Frankenstein Must Be Destroyed is a 1969 British horror film directed by Terence Fisher for Hammer Films, starring Peter Cushing, Freddie Jones, Veronica Carlson and Simon Ward. The film is the fifth in a series of Hammer films focusing on Baron Frankenstein, who, in this entry, terrorises those around him in a bid to uncover the secrets of a former associate confined to a lunatic asylum.

Plot
A doctor is decapitated by a masked man while a thief breaks into an underground lab. The masked man enters the lab, carrying the severed head, and fights the thief, who escapes in horror. The man unmasks himself and is revealed to be Baron Victor Frankenstein. The thief goes to the police station to report the severed head to Inspector Frisch. Frankenstein, under the alias Mr. Fenner, rents a room at a boarding house run by landlady Anna Spengler. Anna's fiancé Karl Holst is a doctor at the asylum where Frankenstein's former assistant Dr. Frederick Brandt was committed after going insane.

After discovering Karl has been stealing narcotics in order to support Anna's ailing mother, Frankenstein reveals his true identity and blackmails Karl into helping him kidnap Brandt so he can get the secret formula of his experiment. While stealing equipment from a warehouse for Frankenstein's new lab, Karl and the Baron are caught by the guard. Karl panics and stabs him. Frankenstein, now with a further hold on Karl uses him and Anna to kidnap Brandt. They take him back to the house where they build a lab in the basement. Karl confides to Anna about killing the guard and begs her to leave, fearing she may go to prison for being an accessory to a murderer, but she refuses.

Meanwhile, Brandt has a heart attack, prompting Frankenstein and Karl to kidnap the asylum's administrator Professor Richter to transplant Brandt's brain into his body.
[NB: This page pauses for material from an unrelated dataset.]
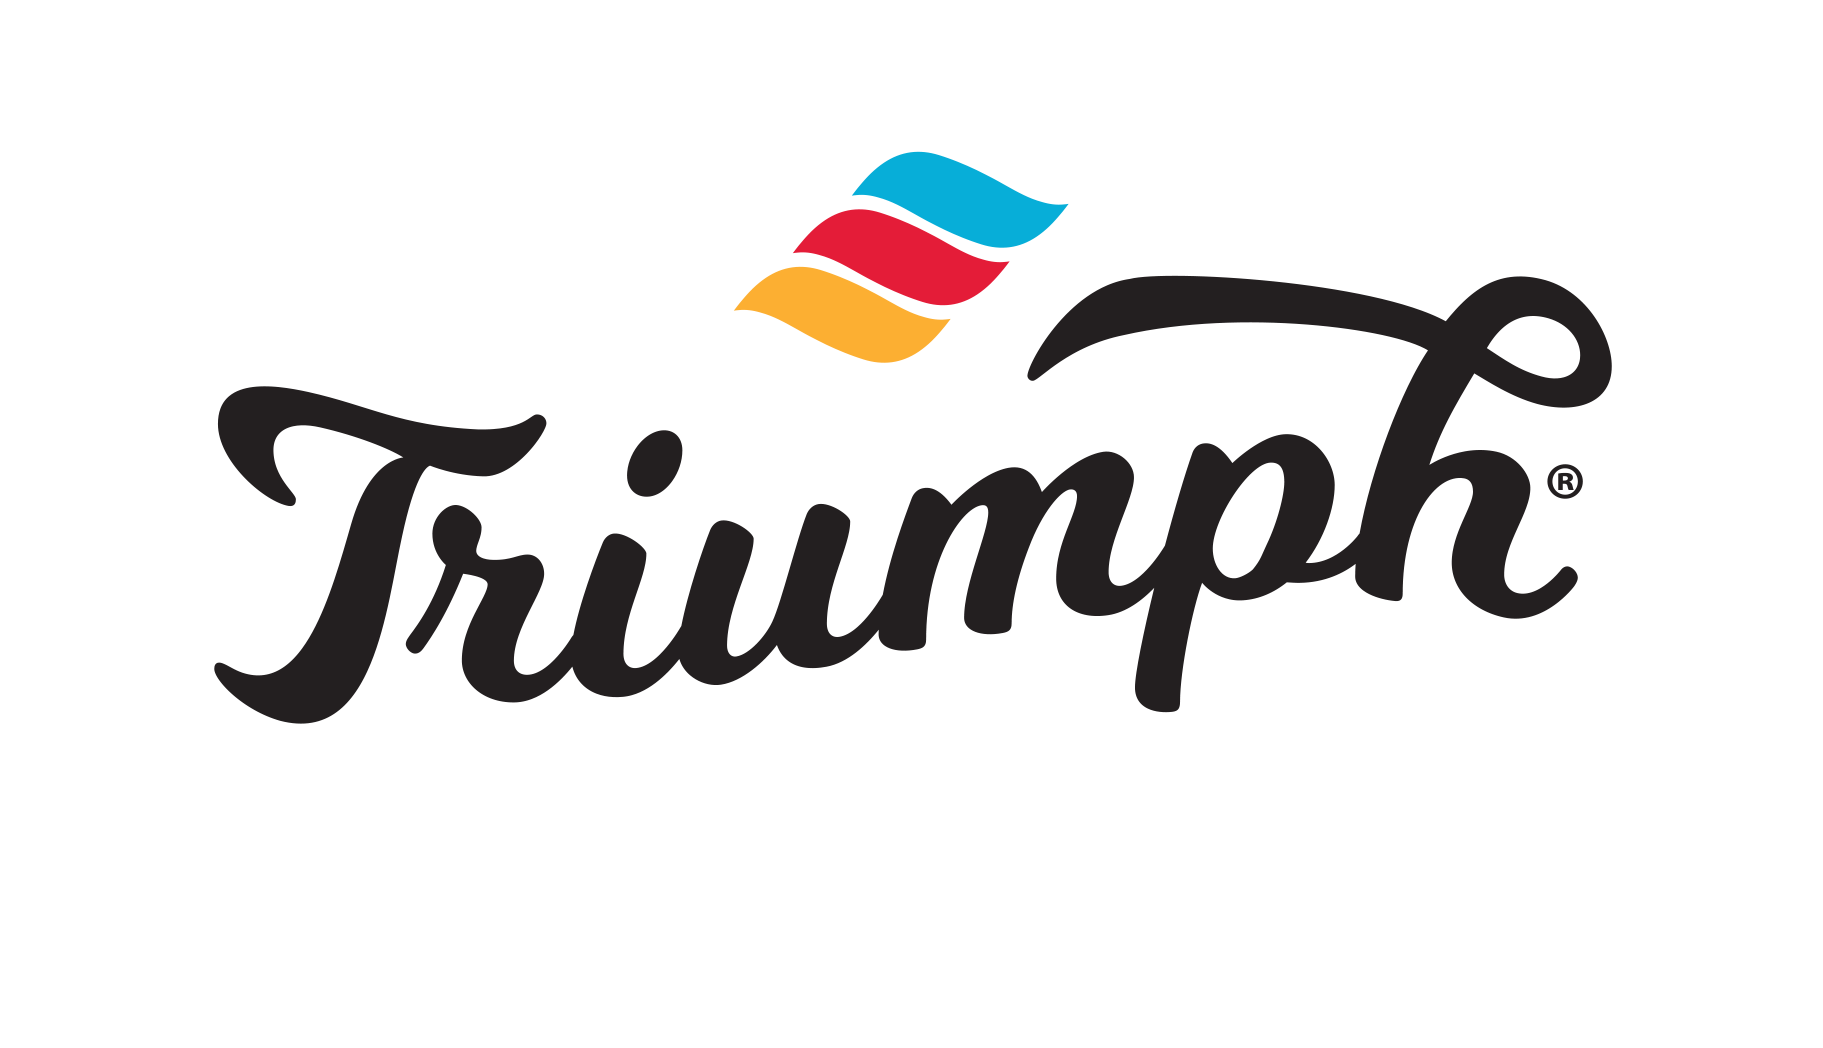 Triumph Logo Image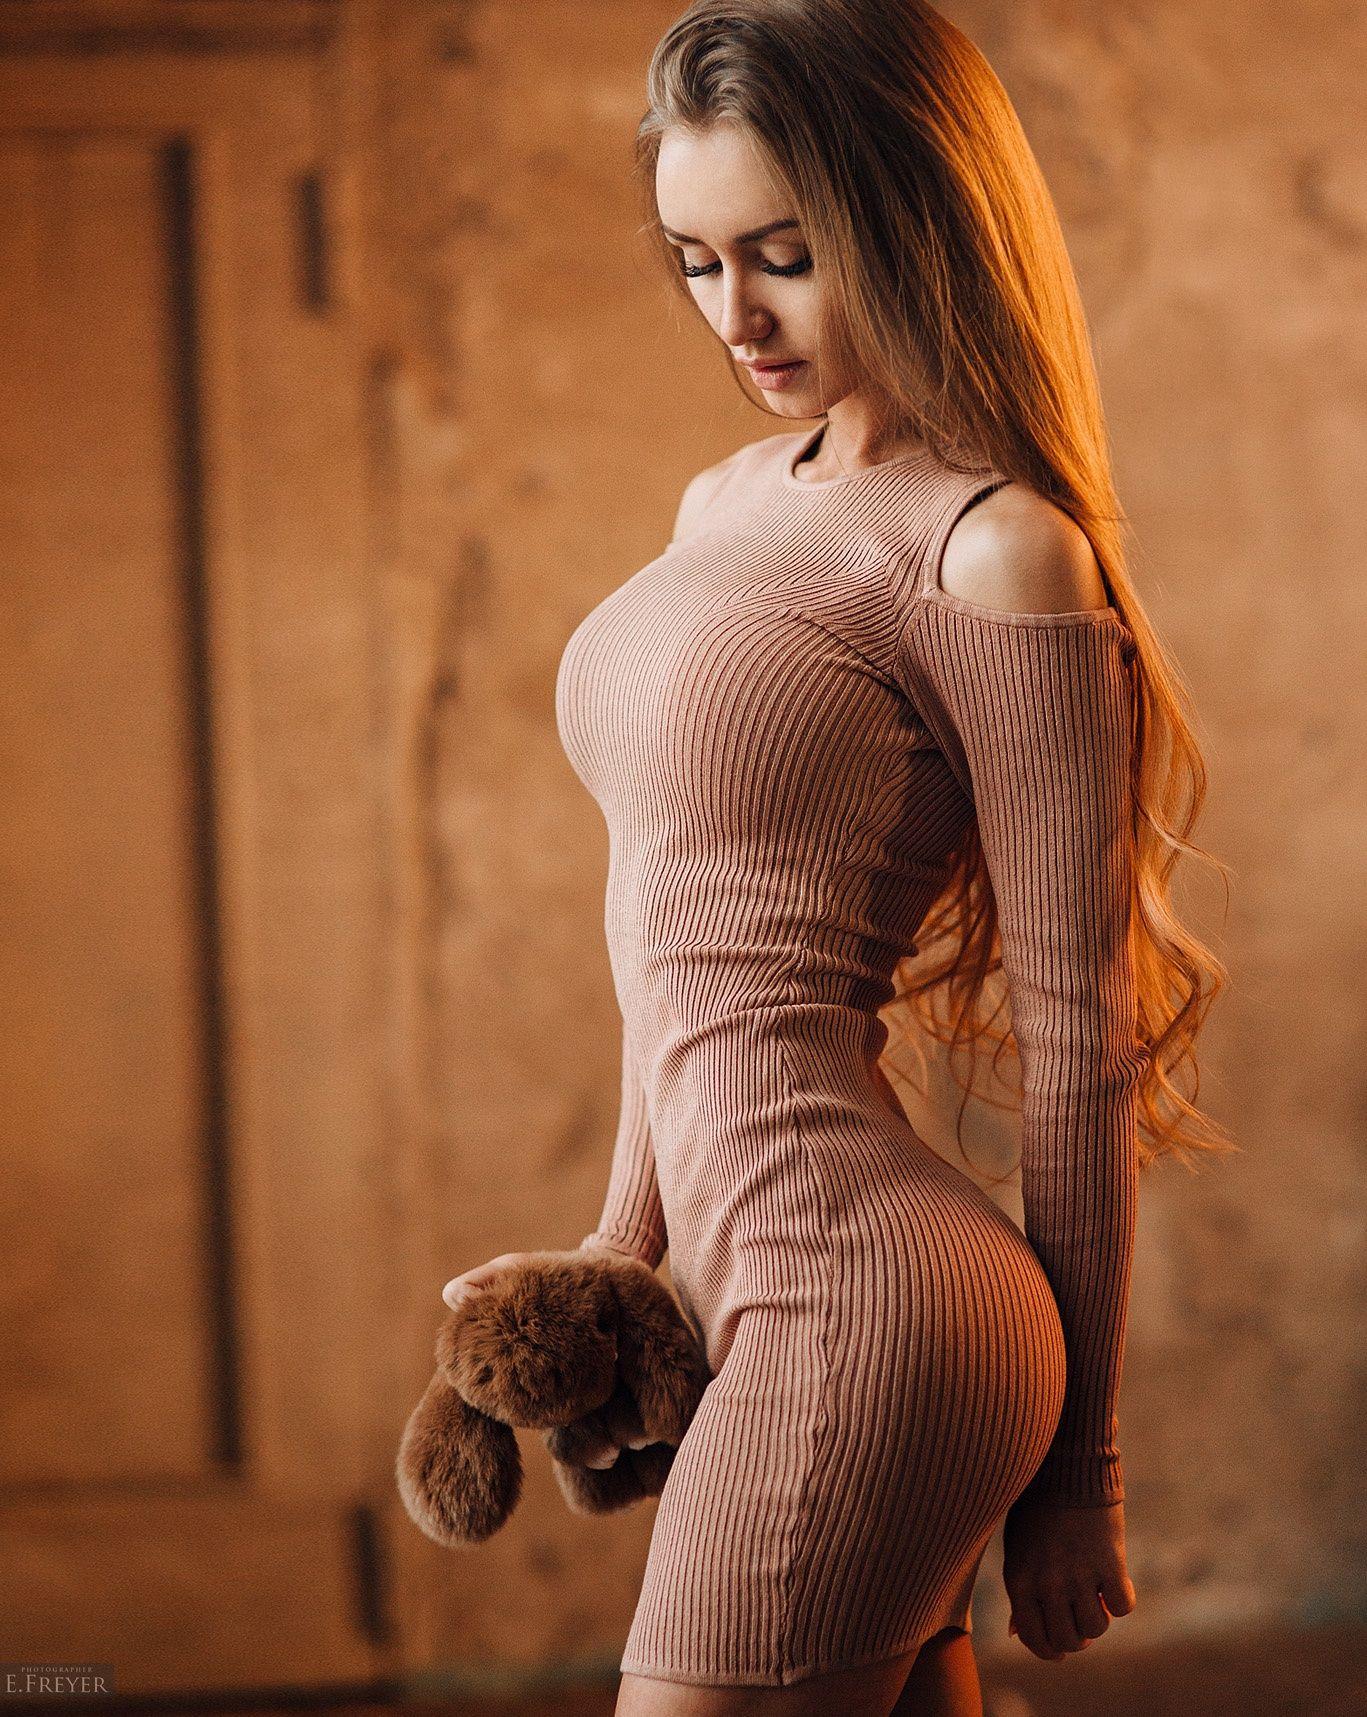 People 1367x1717 long hair dress wavy hair Valentina Grishko brunette warm light Plush Toy Evgeny Freyer women

That night, while Anna is getting ready for bed, Frankenstein enters her room and rapes her. The next day, Frankenstein and Karl succeed in transplanting Brandt's brain into Richter's body and bury Brandt's body in the garden. Brandt's wife Ella recognises Frankenstein in the street and confronts him about her husband's kidnapping. Frankenstein assures her he has cured her husband's mental illness, but does not let her see him. She refuses to believe him and goes to Frisch.

While the creature recovers, Frankenstein and the lovers relocate to a deserted manor house when the police begin to close in. In the lab, the creature awakes and is horrified by his appearance. He scares Anna, who stabs him, causing him to escape. Frankenstein returns and finds the creature gone. In a rage, he fatally stabs Anna and goes after the creature. The creature makes it to his former home, but his wife refuses to accept him as her husband. Wanting revenge on Frankenstein and knowing the Baron will eventually track him there, he allows his wife to go free and pours liquid paraffin around the house.

Frankenstein soon arrives, with Karl following. Inside the house, the creature makes fires to trap him. Frankenstein finds the papers of discovery and flees, but is ambushed by Karl, and they fight. The creature emerges, knocks Karl out and carries a screaming Frankenstein into the burning house, where they both presumably die.

Cast

 Peter Cushing as Baron Victor Frankenstein
 Freddie Jones as Professor Richter/The Creature
 Simon Ward as Dr. Karl Holst 
 Veronica Carlson as Anna Spengler
 George Pravda as Dr. Frederick Brandt
 Maxine Audley as Ella Brandt
 Thorley Walters as Inspector Frisch
 Windsor Davies as Police Sergeant
 Allan Surtees as Police Sergeant
 Geoffrey Bayldon as Police Doctor
 Colette O'Neil as Madwoman
 Frank Middlemass as Guest - Plumber
 Norman Shelley as Guest - Smoking pipe
 Michael Gover as Guest - Reading newspaper
 George Belbin as Guest - Playing chess
 Peter Copley as Principal
 Jim Collier as Dr. Heidecke

Production
The scene where Frankenstein rapes Anna was filmed over the objections of both Peter Cushing and Veronica Carlson, and director Terence Fisher, who halted it when he felt enough was enough. It was not in the original script, but the scene was added at the insistence of Hammer executive James Carreras, who was under pressure to keep the American distributors happy.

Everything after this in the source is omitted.